Re: "Does stopping relapses almost completely in the early stages of the disease prevent the transition to spms?"Unfortunately we don't know the answer. We need to wait 15-20 years after treatment to see if this is correct. Some of the early cases of active RRMS treated with Alemtuzumab/Campath-1h seem to go into long-term remission and avoid the onset of SPMS at an early stage when it would be expected from natural history studies. Only time will tell if it will prevent long-term SPMS. I sincerely hope so.
"This delay in disability progression on DMTs has also translated into an improved survival rate"The 21 year betaferon study looked at all cause mortality, not only MS related mortality, so your conclusion is unjustified.Moreover the 16 year betaferon follow-up study with the same patients as the 21 year study, didn't show ANY significant delay in disability progression. How can you say the opposite?http://multiple-sclerosis-research.blogspot.gr/2011/12/predicting-disability-in-ms-on-dmts.htmlI could also remind you the latest canadian study about the zero long term effect of INF-B. The efficacy of DMT's is at least questionable, to be polite. But you just ignore all these data. Why?
But you just ignore all these data. Why?I am not sure why you think this and can remind you 🙂 that this was commented on by Prof G.
http://multiple-sclerosis-research.blogspot.co.uk/2012/07/research-beta-interferon-and-progression.htmlProf G says "The problem with the data from the Canadian study is that it is not controlled and hence their will a lot of bias that cannot be taken into account.
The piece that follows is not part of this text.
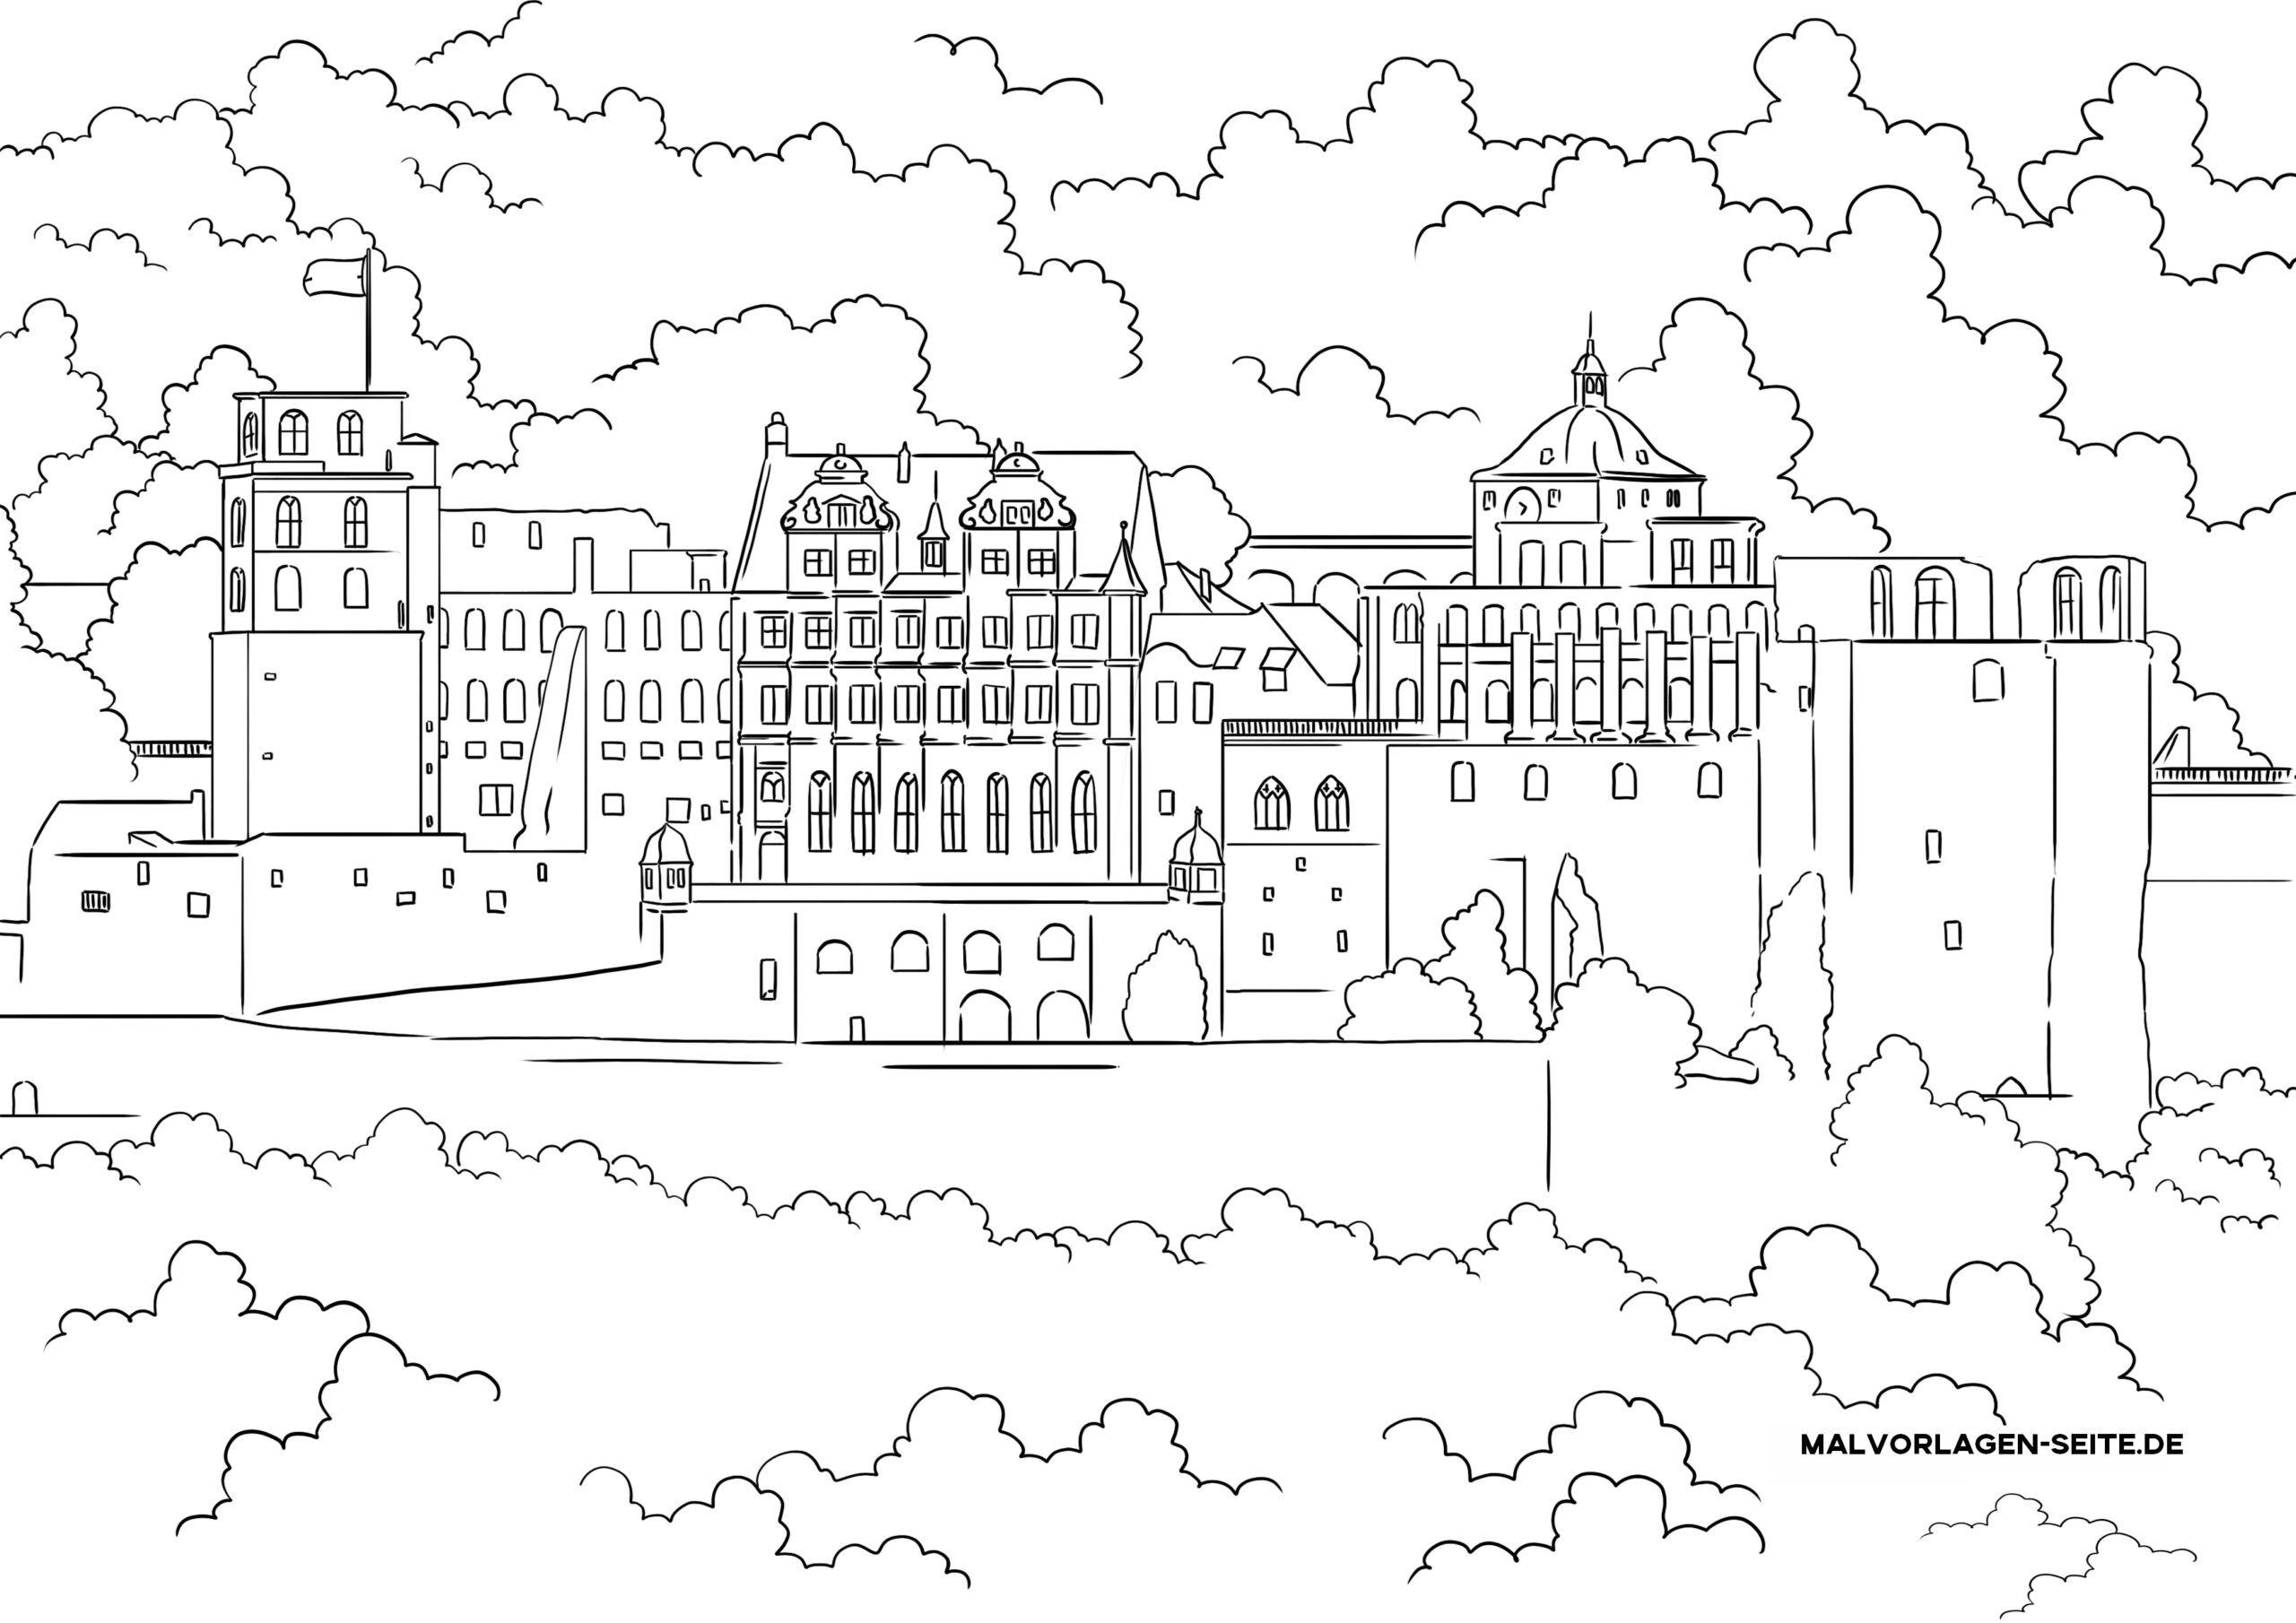 Tolle Malvorlage Schloss Heidelberg Sehenswürdigkeiten

For example, the untreated contemporary and historical cohorts had a longer disease duration for the same level of disability at baseline; this would imply that they had more benign disease. They would therefore expect to do better than a cohort with more active disease (shorter disease duration for same level of disability). The fact that they did as well as each other to EDSS 6.0 implies that IFNbeta must have been doing something". Furthermore Prof G says "The bottom line is IFNbeta is not a very effective treatment; this study confirms this. That doesn't mean we shouldn't use it as some MSers respond better than others and in the UK, at least, you have to fail first-line treatments to access the more effect second-line treatments. For this reason alone IFNbeta has many years left in its legs and hence the rush to develop long-acting preparations and cheaper biosimilars. My main worry with them is the legacy NABs to INFbeta will leave behind."